Impact of smoking cessation therapy on health-related quality of life.

Autor: Tomioka H; Department of Respiratory Medicine , Kobe City Medical Center West Hospital , Kobe, Hyogo , Japan., Sekiya R; Department of Respiratory Medicine , Kobe City Medical Center West Hospital , Kobe, Hyogo , Japan., Nishio C; Department of Respiratory Medicine , Kobe City Medical Center West Hospital , Kobe, Hyogo , Japan., Ishimoto G; Department of Pharmacy , Kobe City Medical Center West Hospital , Kobe, Hyogo , Japan.
Jazyk: angličtina
Zdroj: BMJ open respiratory research [BMJ Open Respir Res] 2014 Aug 28; Vol. 1 (1), pp. e000047. Date of Electronic Publication: 2014 Aug 28 (Print Publication: 2014).
DOI: 10.1136/bmjresp-2014-000047
Abstrakt: Background: Smoking is associated with poor health-related quality of life (HRQL); however, there are few data regarding effects of smoking cessation treatment on HRQL. The purpose of this study was to describe changes in HRQL after smoking cessation treatment and to elucidate factors influencing this improvement in HRQL.
Setting: Smoking cessation clinic at a 358-bed community teaching hospital in Japan.
Methods: We conducted a prospective cohort study of cigarette smokers who participated in a 3-month smoking cessation programme. HRQL was assessed at baseline and at the end of the programme using the St. George's Respiratory Questionnaire (SGRQ). The abstinence was subjected to verification by an exhaled CO level of ≤10 ppm.

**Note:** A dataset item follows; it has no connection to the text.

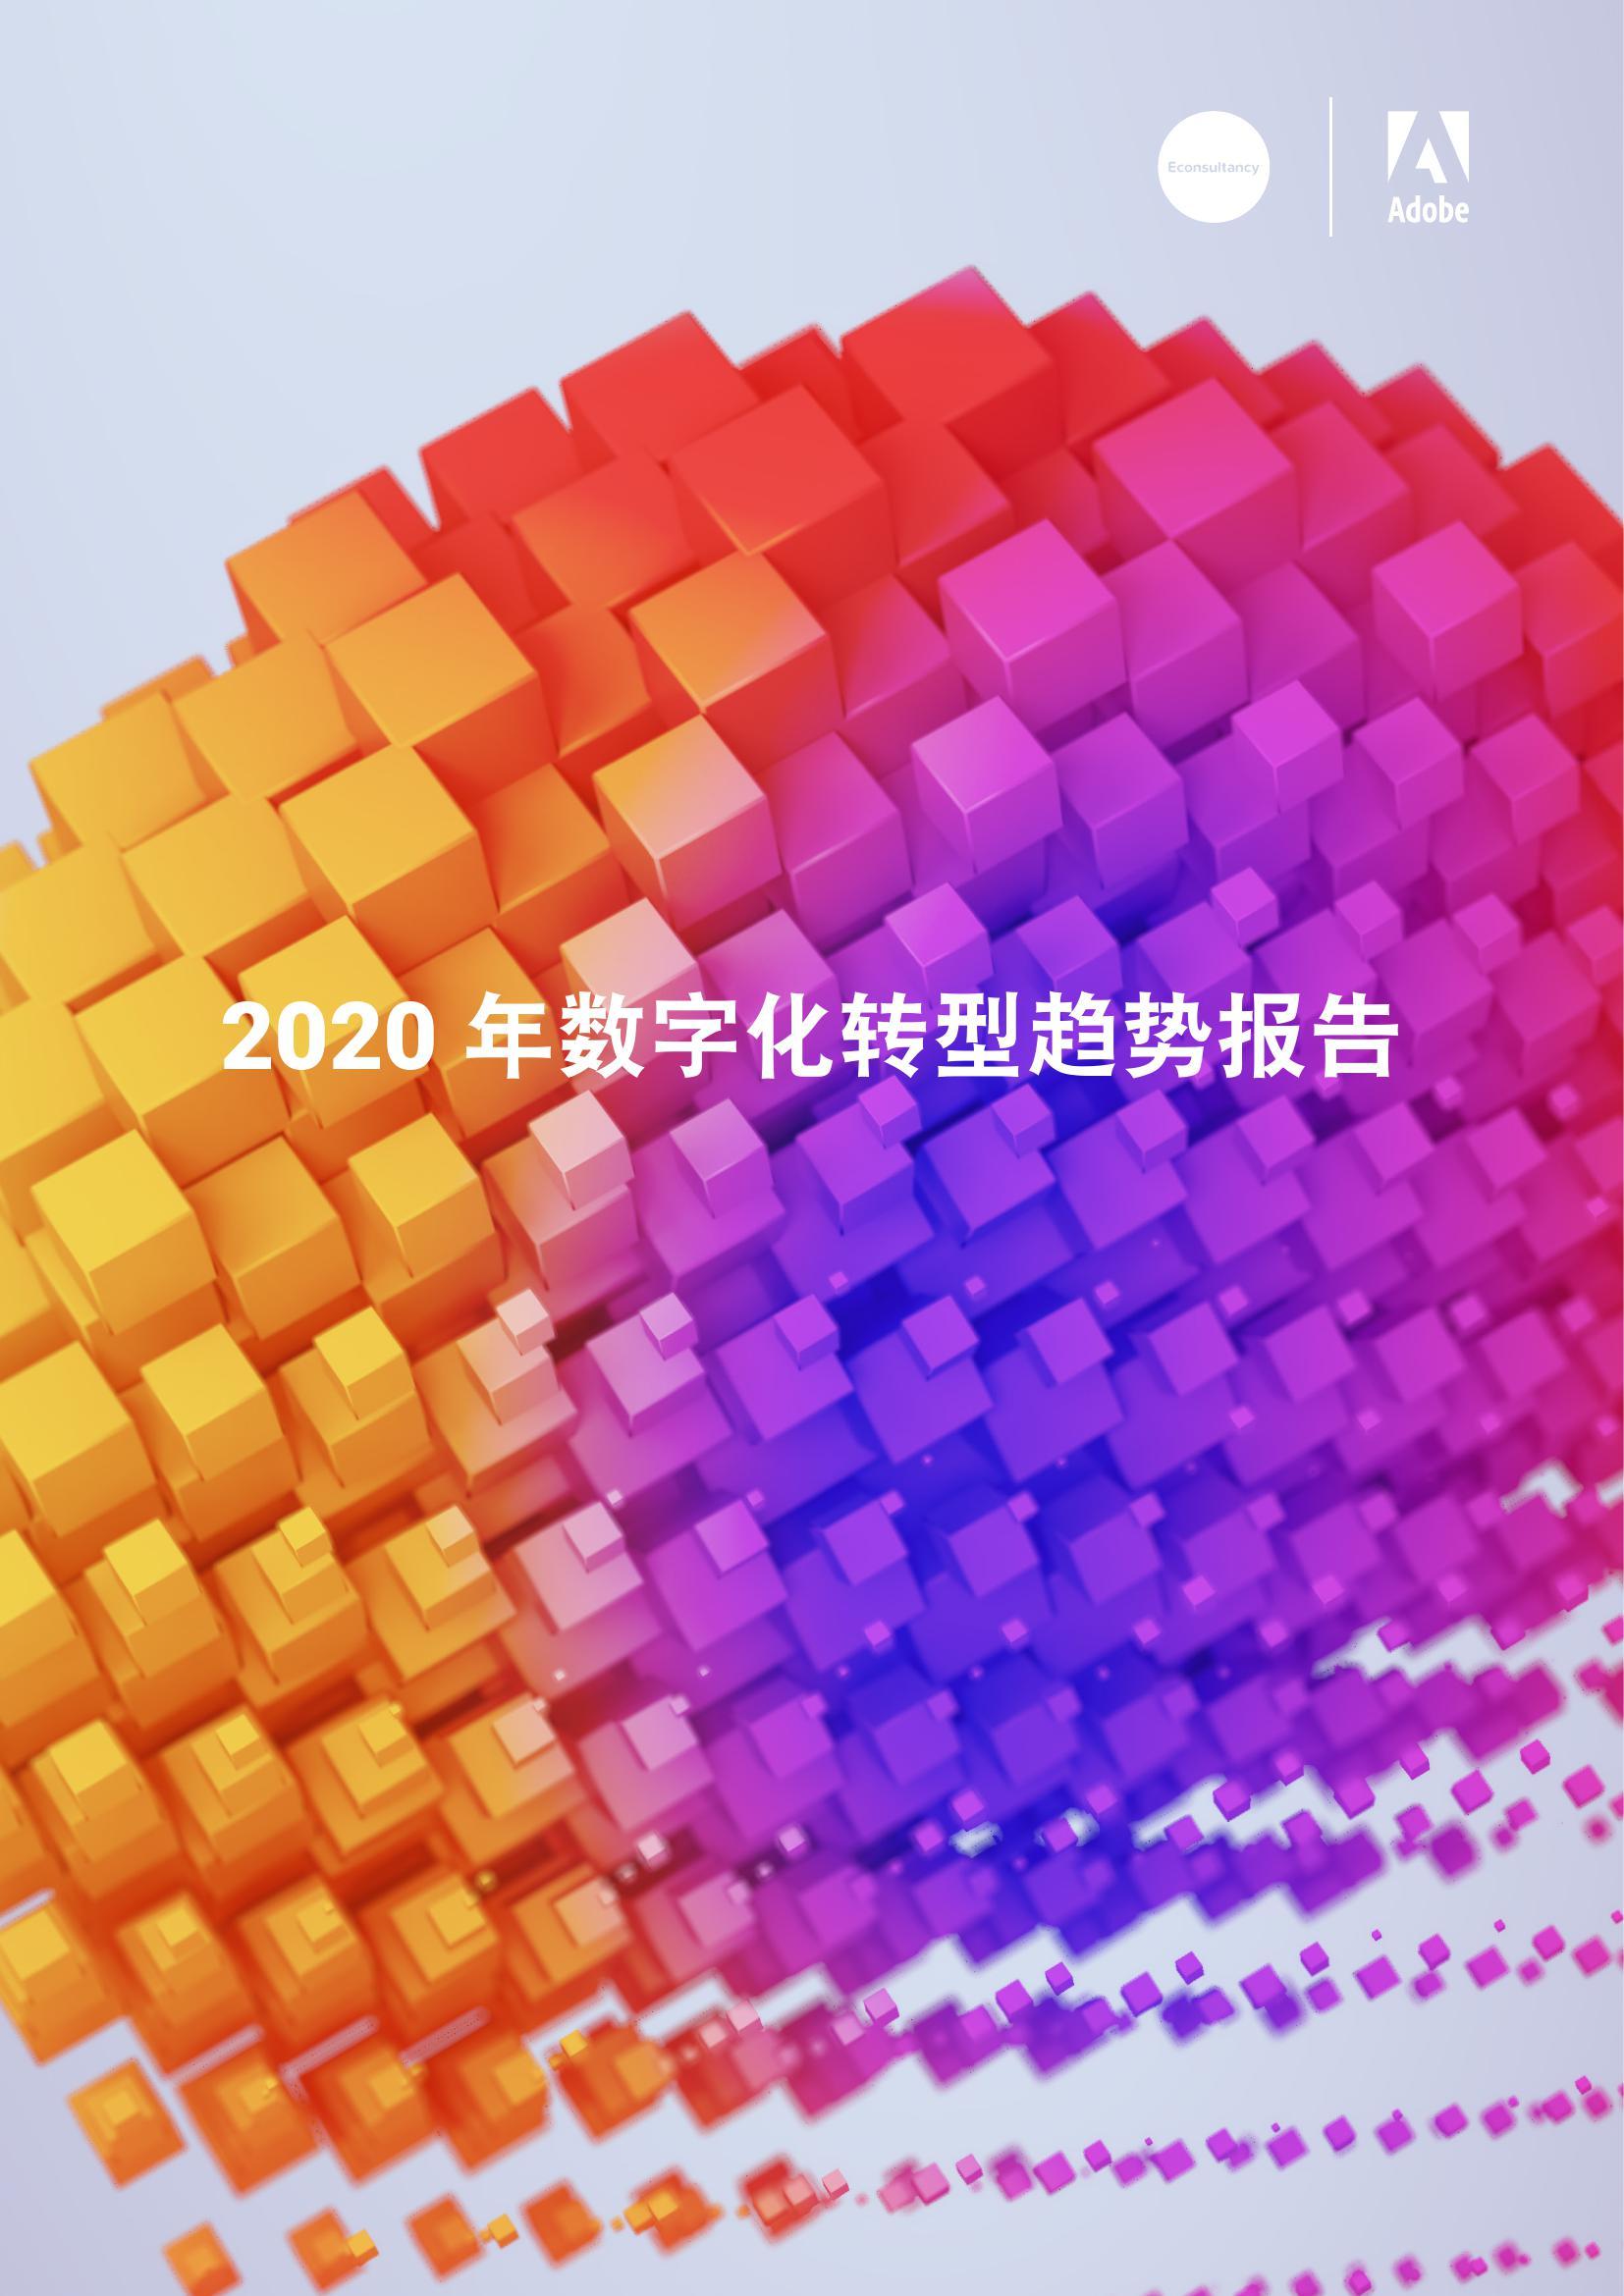 Adobe&Econsultancy:2020年数字化转型趋势报告
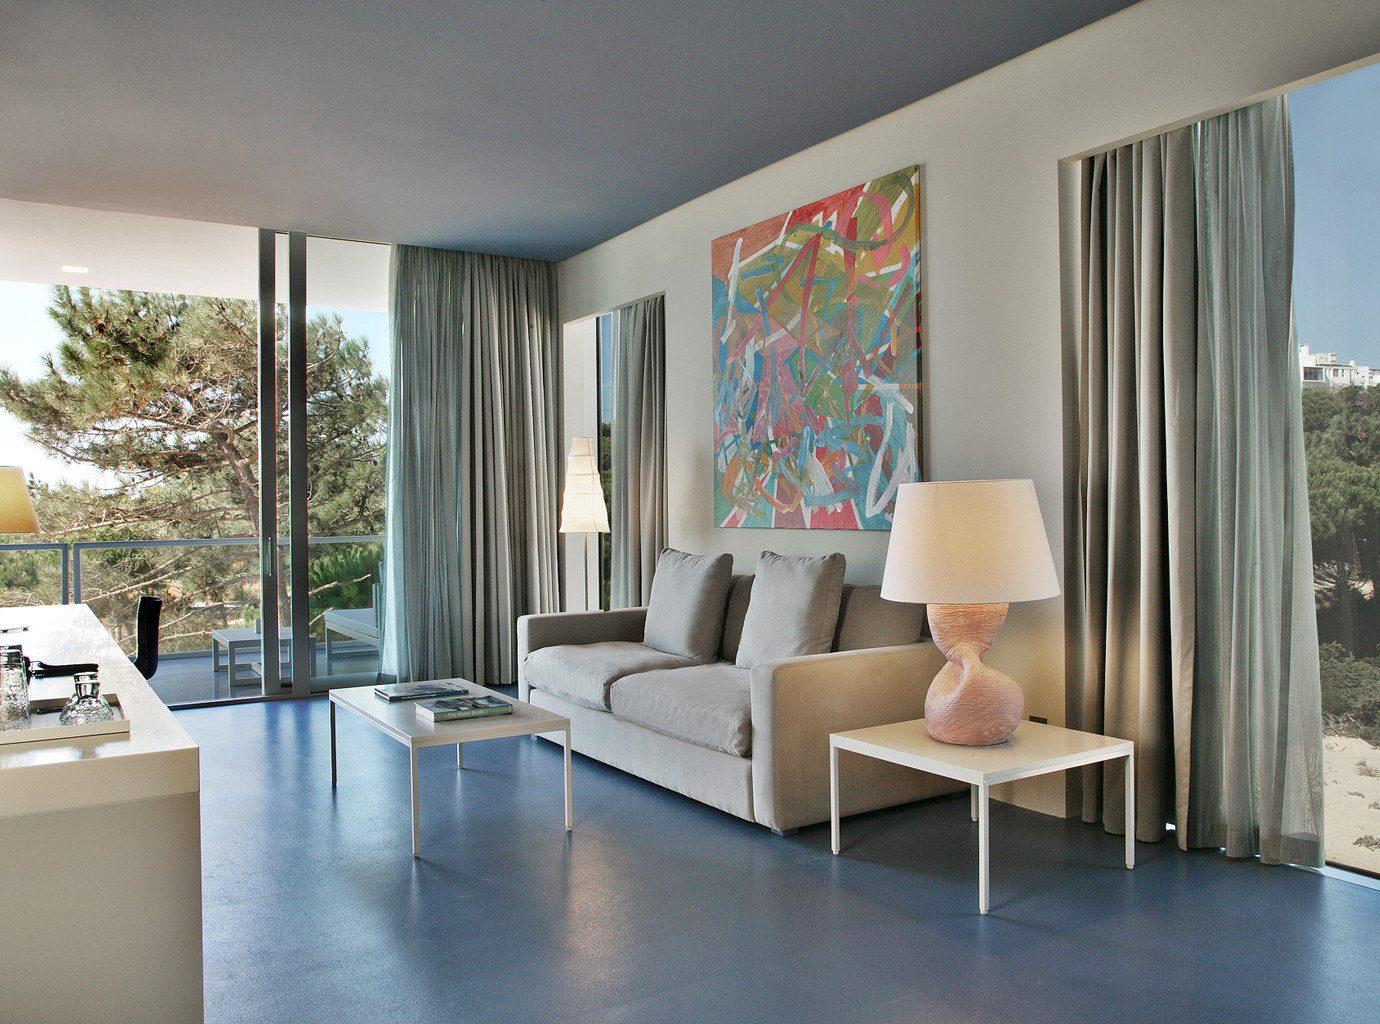 Balcony Modern Resort Scenic views property house living room home condominium Villa nice professional Bedroom flat

Results: Of 570 participants in the programme, 277 (mean age: 60.9±12.2 y, male/female=180/97) were eligible; excluded were 277 participants who dropped out of the programme and 16 for whom SGRQs were not available or were incomplete. Initial prescribed pharmacotherapy was transdermal nicotine patches in 160 participants and varenicline in 117. At 12 weeks, SGRQ scores improved significantly as follows (mean±SD): Δ symptoms score, -5.7±16.0; Δ activity score, -4.4±18.3; Δ impact score, -5.3±13.5 and Δ total score, -5.1±12.2 (p<0.0001 in all cases). There were no significant differences in changes in SGRQ scores between quitters (n=183) and continuous smokers (n=94). In a multivariate analysis, only the average nicotine addiction level according to the Tobacco Dependence Screener test was associated with a clinically significant improvement in the SGRQ (OR 1.35 (95% CI 1.15 to 1.59)). Marked reduction in number of cigarettes smoked with a corresponding low median exhaled CO level of 7 ppm in continuous smokers following therapy was observed.
Conclusions: Smoking cessation treatment improved HRQL regardless of quit status. Baseline nicotine addiction level was predictive of that improvement.